Chapitre 3 : Tutankoopa

Un énorme sarcophage doré brillait devant les yeux ébahis de Mario, Koopek, Goomélie et une quarantaine d’autres archéologues. Sur le cercueil antique était écrit :

« Tutankoopa renaîtra et régnera de nouveau… »

Un frisson parcouru le dos de Mario. Il avait déjà vu cette tombe, cette inscription, cette poussière…

- Ouvrez-moi cette boîte, ordonna Goomélie à deux Toads qui regardaient sans bouger.

- Non ! S’opposa l’ancien plombier. Il y a plus de dix ans, j’ai ouvert ce sarcophage et le mal qui y reposait en est sortit. C’est un démon qu’il y a là dedans !

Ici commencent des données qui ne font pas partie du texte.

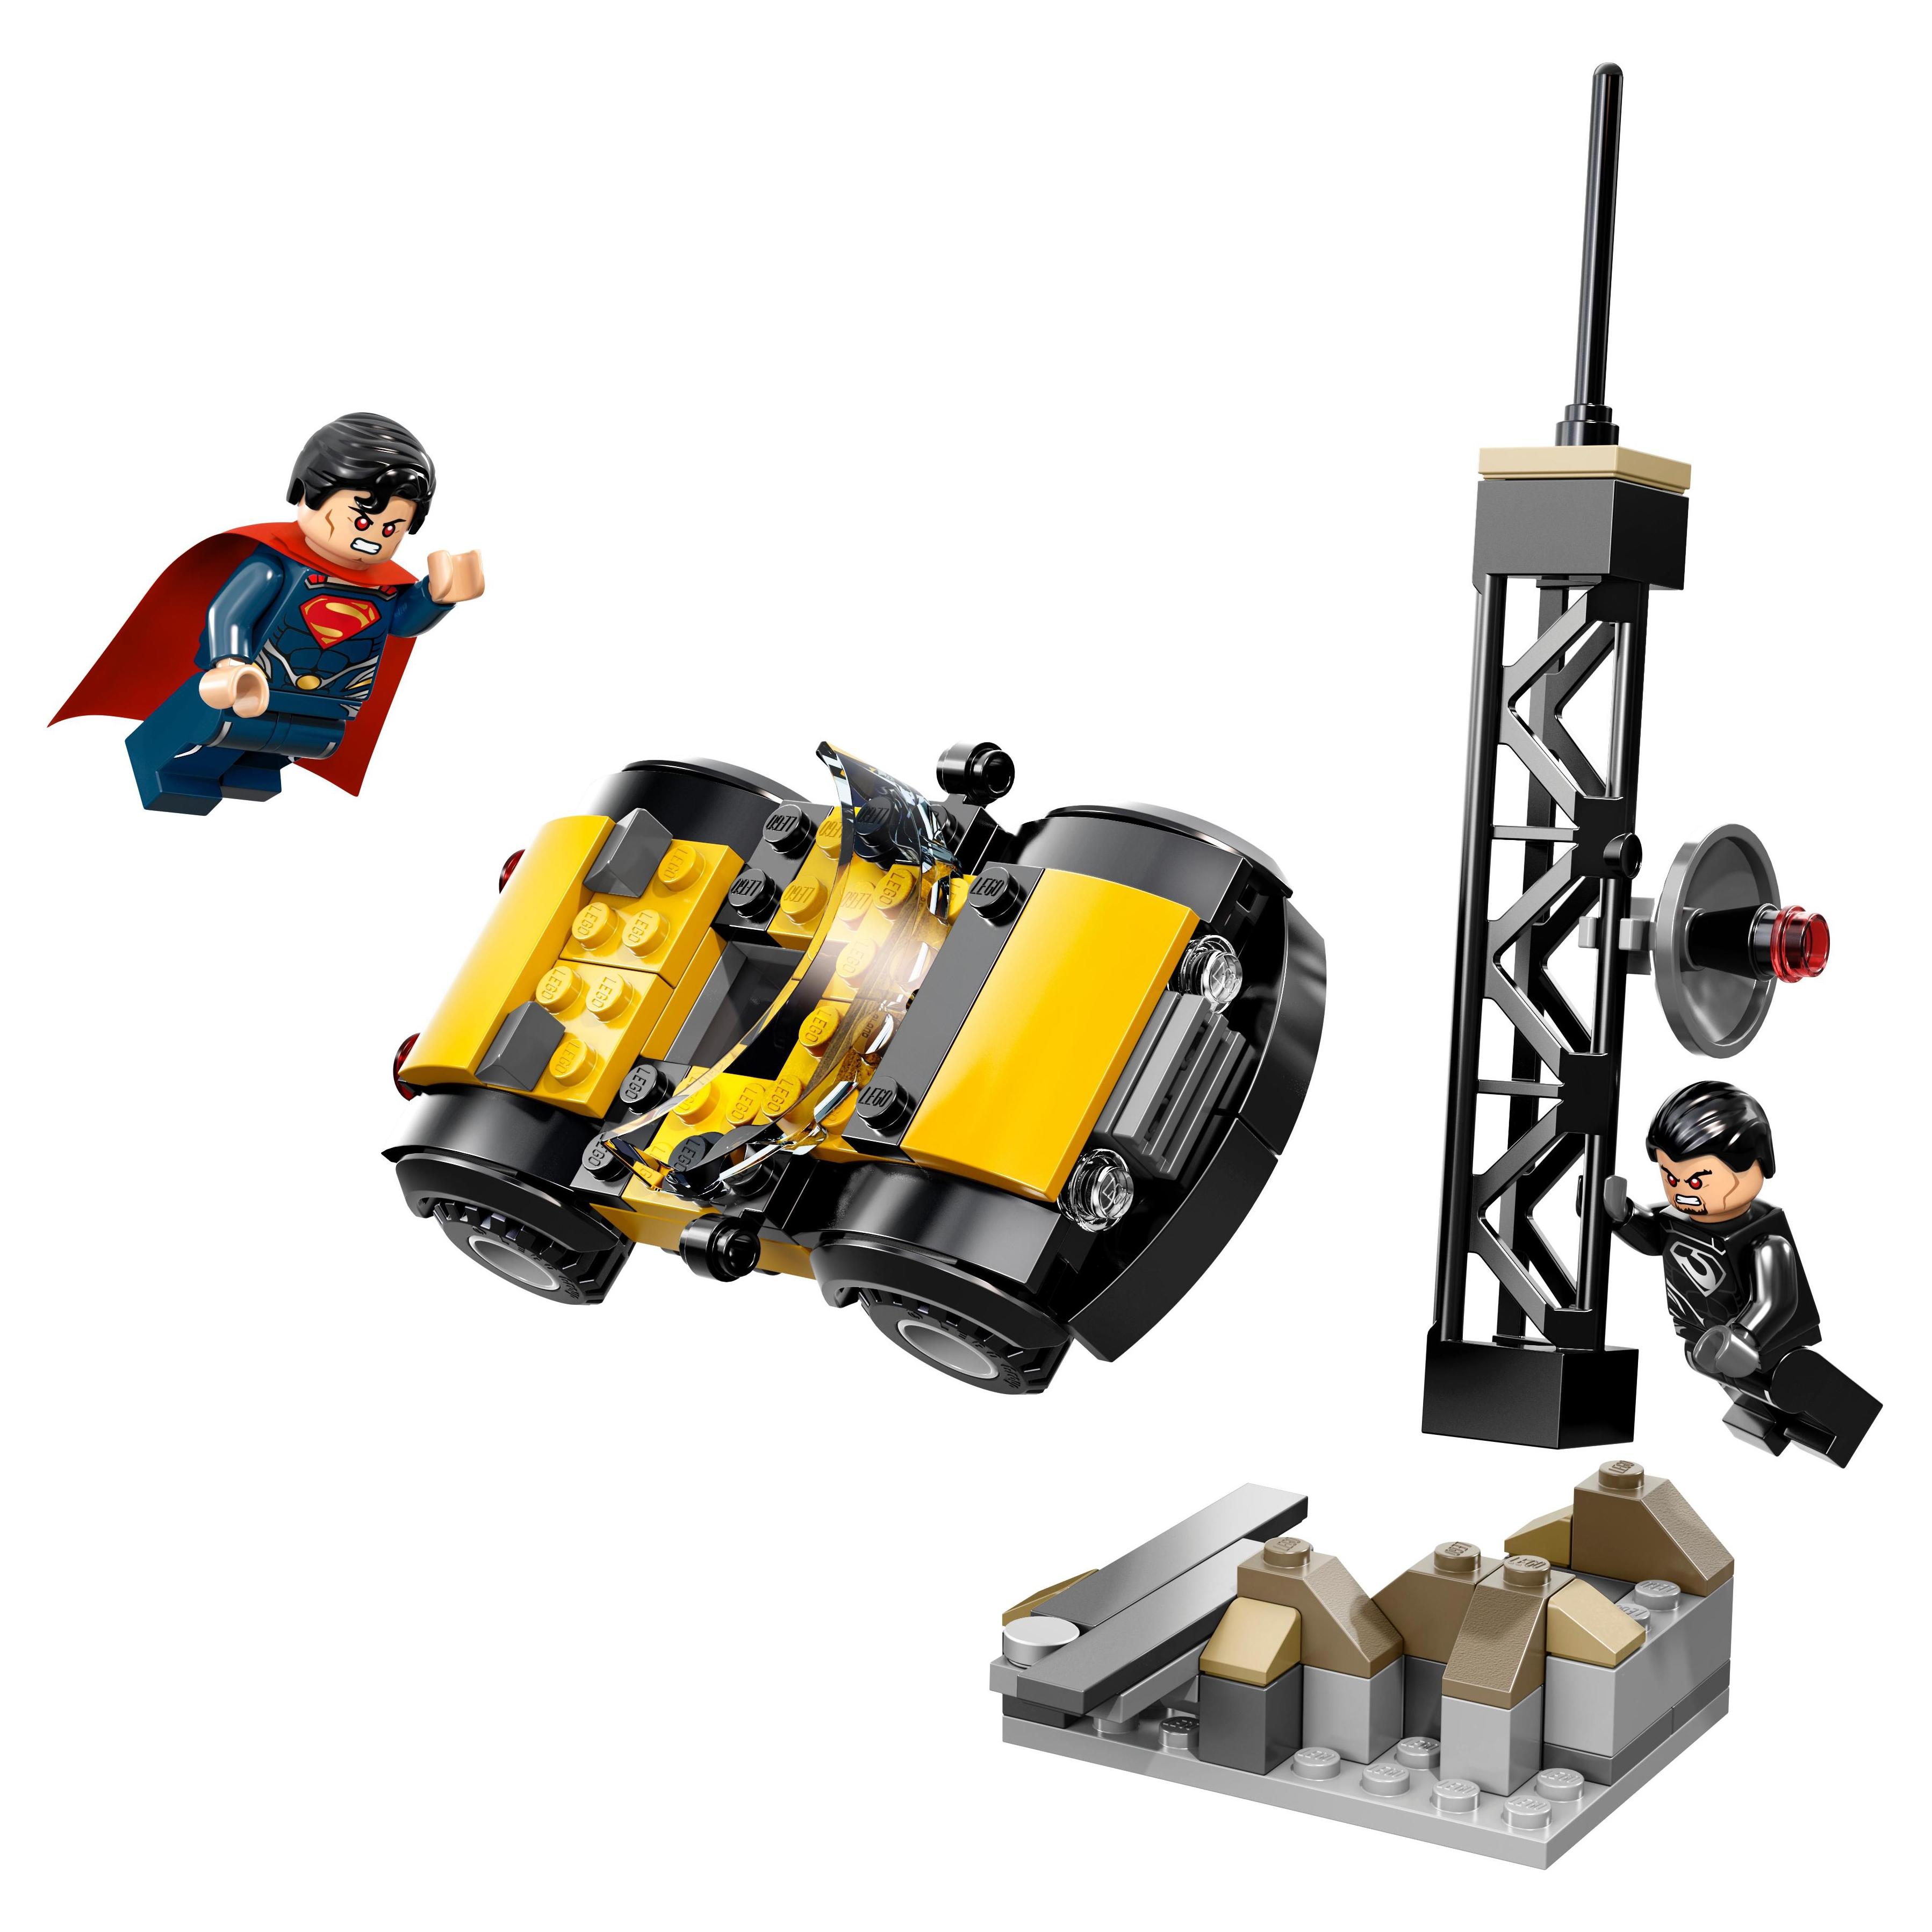 Купить Конструктор LEGO Super Heroes Супермен: Решающий поединок в Метрополисе (76002)

- C’est ça, c’est ça…, se moqua la Goomba. Et il contrôle les Chomps aussi que tu vas me dire ?

- Comment tu le sais ?

- Assez rigolé, ouvrez-moi le cercueil.

Mario attrapa Koopek par le poignet et l’emmena dans la tente qu’ils avaient quittée précédemment. Les deux détectives allèrent s’installer derrière le comptoir où le Bob-Omb roupillait toujours, depuis qu’il avait reçu le coup de Mario. Soudain, ils entendirent un bruit provenant du chantier.

- Est-ce que ce que tu as dit était vrai ? Sollicita Koopek à l’adresse de son partenaire.

- Oui, malheureusement. Ça va bientôt faire quinze ans que j’ai vécu cette histoire. J’étais avec d’autres coéquipiers, Goombario, Kooper, Bombette et j’en passe.

Un autre bruit se fit entendre, beaucoup plus sonore cette fois. Puis, des hurlements. Mario sortit de sa cachette et alla voir. Un réel chao régnait. Un énorme Koopa était sortit du sarcophage. Il portait un chapeau ridicule jaune avec deux languettes bleues et violettes. Un Chomp était sculpté sur son front. Le monstre tenait une énorme chaîne rouillée plantée dans le sol. Après une légère secousse et quelques craquements, le sable s’écarta pour laisser entrevoir un immense Chomp gris et poussiéreux. La bête n’avait plus que la peau sur les os et ses dents étaient jaunes et cariées. C’était loin d’être fini ! Une quantité impressionnante de Pokeys sortit du sol. Les grands cactus jaunes commencèrent à ramper vers les ouvriers qui courraient dans tous les sens. Puis, Koopek entendit des claquements sinistres derrière lui. En reculant vers Mario, il lui souffla :

- Ce ne sont pas des squelettes de Koopas… Enfin, si, mais… En fait, ce sont des Ossecs…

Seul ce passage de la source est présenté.